In this study, I combine powerful machine learning algorithms such as biologically inspired neural networks with geophysical insights. At the core of geophysics lie signal processing knowledge, which we can investigate in neural networks itself, shedding light on the internal properties of these networks. Moreover, incorporating physical knowledge in neural networks directly, bears promise to gain accurate and reliable systems that increase our understanding in Earth’s processes.

This thesis investigates the fundamental properties of neural networks in geophysical applications. These include re-using trained neural networks that are excellent at identifying images and applying them to identify rock layers and geological events in geophysical images. This thesis does a deep dive to evaluate whether the theory of including specific information from seismic data, which is known to be very beneficial in classical approaches in neural networks improves the performance. We show that smaller networks that incorporate this complex-valued information perform better than their real-valued equivalent, decreasing computational cost.

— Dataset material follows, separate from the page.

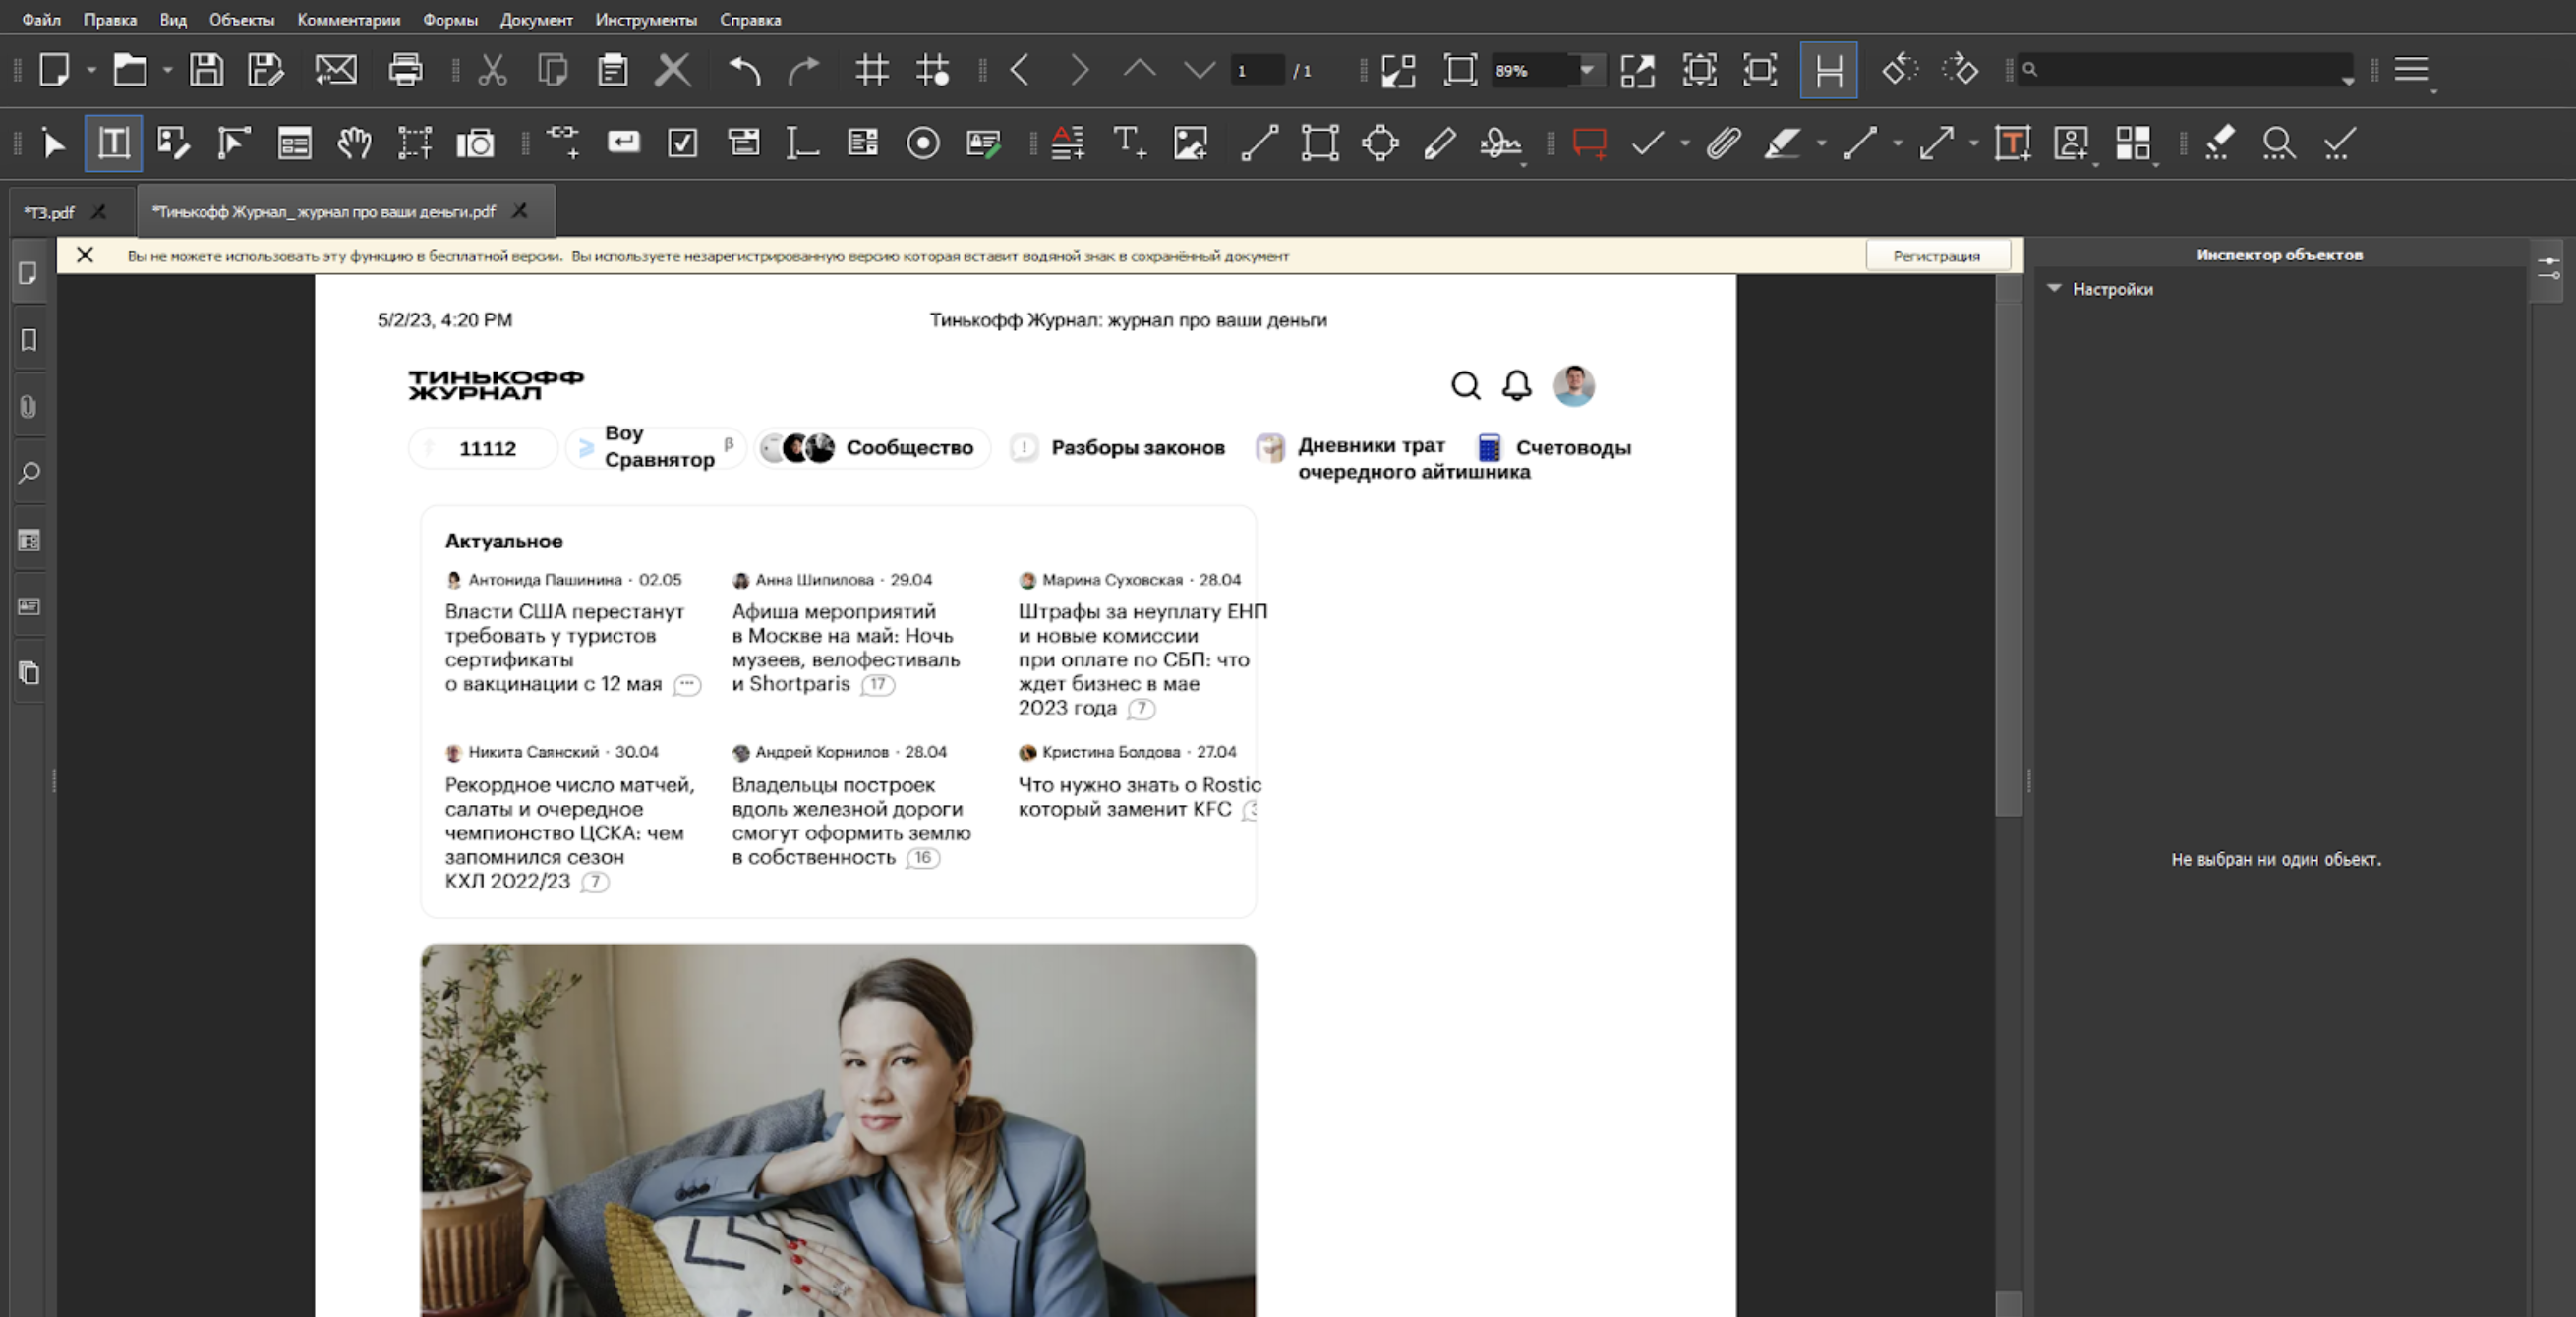 Интерфейс Master PDF Editor похож одновременно на Microsoft Word и Adobe Photoshop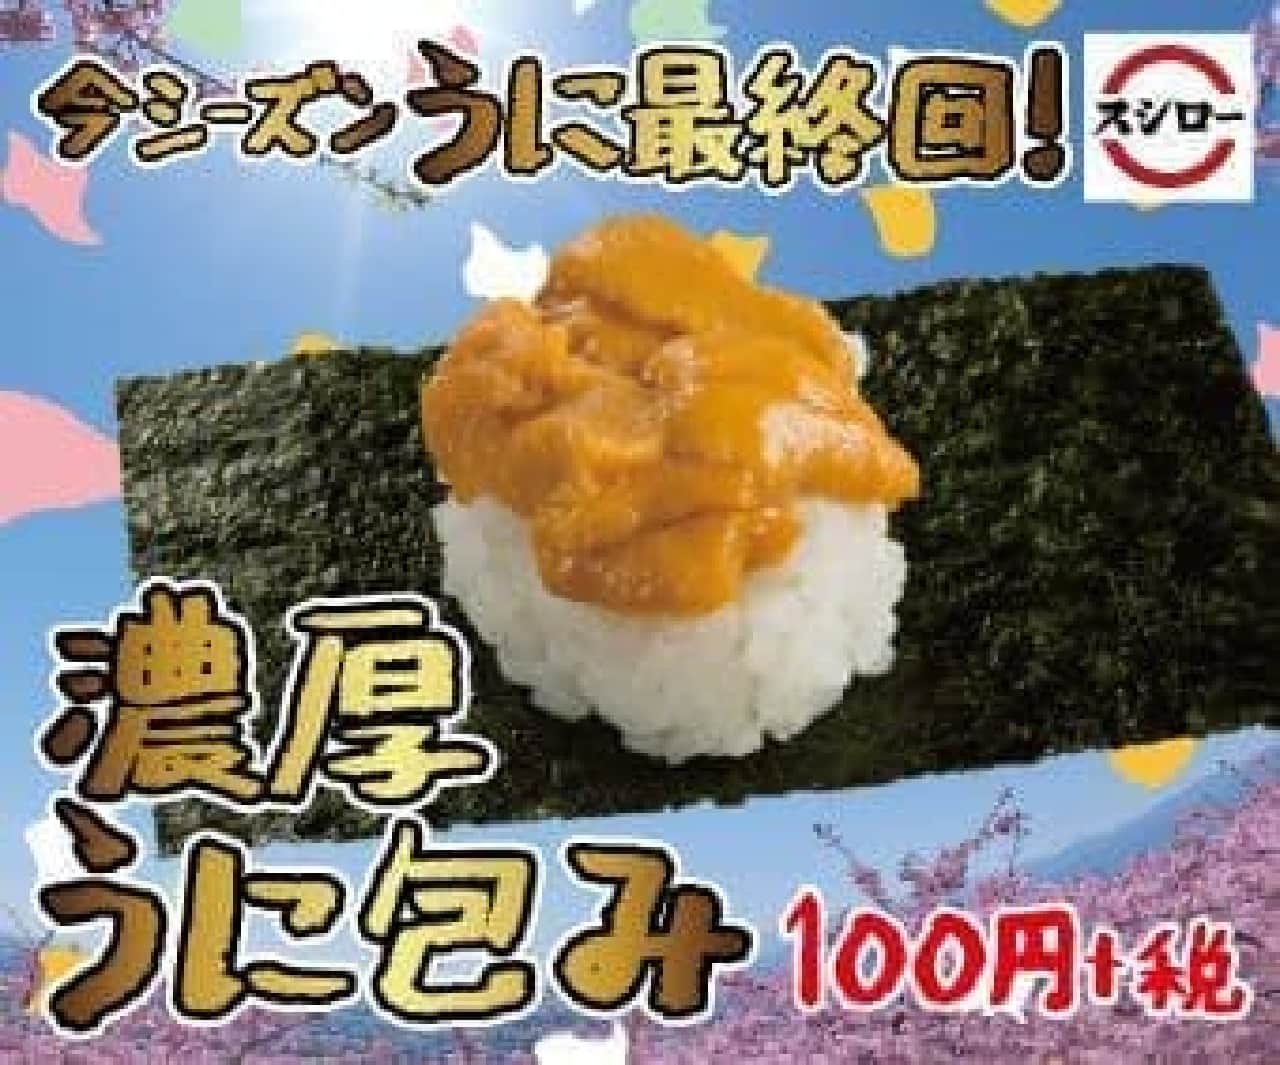 Sushiro "Wrapped in rich sea urchin"

In addition to this fundamental work, this thesis contains two applications of machine learning to real-world problems. The first, being that the geophysical data over hydrocarbon fields contains a plethora of information from different effects. In this application we develop a network that incorporates basic physical relationships of the geophysical input data to separate the effects of changes in pressure and saturation of water and gas in a thin reservoir in the UK North Sea. The second application introduces a novel algorithm that evaluates a problem that is usually approached in a one-dimensional view and extends it to a three-dimensional algorithm. This method corrects for the slight changes of the imaged subsurface between surveys. In addition to extending the problem to three dimensions, the method provides uncertainty values for the geophysicist to evaluate. Moreover, this algorithm works unsupervised, which means that we do not have to provide the machine learning system with information on how to align the images. Instead, we apply a mathematical constraint that ensures that the algorithm does not cross geological layers, a simple yet powerful limitation to guides the algorithm to develop physically and geologically sensible matching patterns.